FROM RAW STORY: Sen. John Kerry has written a letter urging the Senate Intelligence Committee to pick up the pace on getting answers to the questions raised by the Downing Street minutes. Nine senators in addition to Kerry have signed the letter: Tim Johnson, South Dakota; Jon Corzine and Frank Lautenberg, New Jersey; Jack Reed, Rhode Island; Barbara Boxer, California; Edward Kennedy, Massachusetts; Tom Harkin, Iowa; Jeff Bingaman, New Mexico; and Dick Durbin, Illinois.
Here are portions of it:
We write concerning your committee's vital examination of pre-war Iraq intelligence failures. In particular, we urge you to accelerate to completion the work of the so-called "Phase II" effort to assess how policy makers used the intelligence they received.Read the entire letter here.
[...]
The committee's efforts have taken on renewed urgency given recent revelations in the United Kingdom regarding the apparent minutes of a July 23, 2002, meeting between Prime Minister Tony Blair and his senior national security advisors. These minutes-known as the "Downing Street Memo"-raise troubling questions about the use of intelligence by American policy makers-questions that your committee is uniquely situated to address.
The memo indicates that in the summer of 2002, at a time the White House was promising Congress and the American people that war would be their last resort, that they believed military action against Iraq was "inevitable."

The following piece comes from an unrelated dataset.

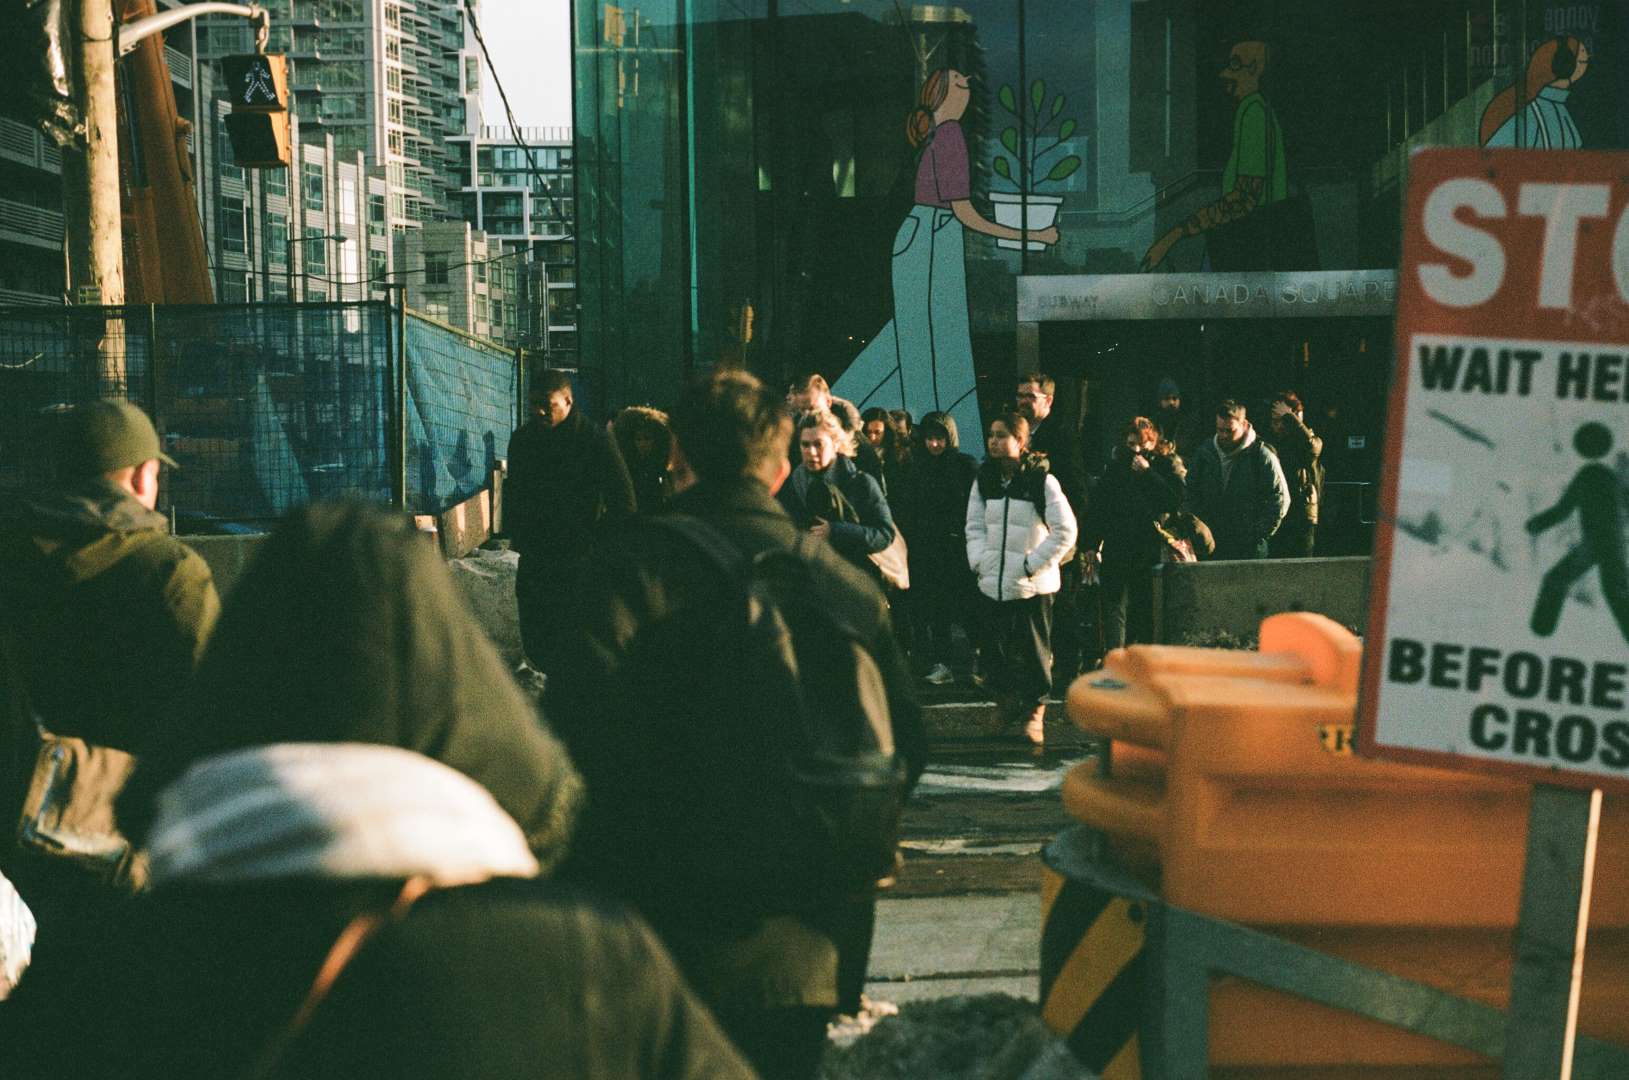 A colour photograph of a crowd of people waiting to cross the street with the sun strongly illuminating them from the side

The minutes reveal that President "Bush wanted to remove Saddam, through military action, justified by the conjunction of terrorism and WMD. But the intelligence and facts were being fixed around the policy."
The American people took the warnings that the administration sounded seriously -- warnings that were echoed at the United Nations and here in Congress as we voted to give the president the authority to go to war. For the sake of our democracy and our future national security, the public must know whether such warnings were driven by facts and responsible intelligence, or by political calculation.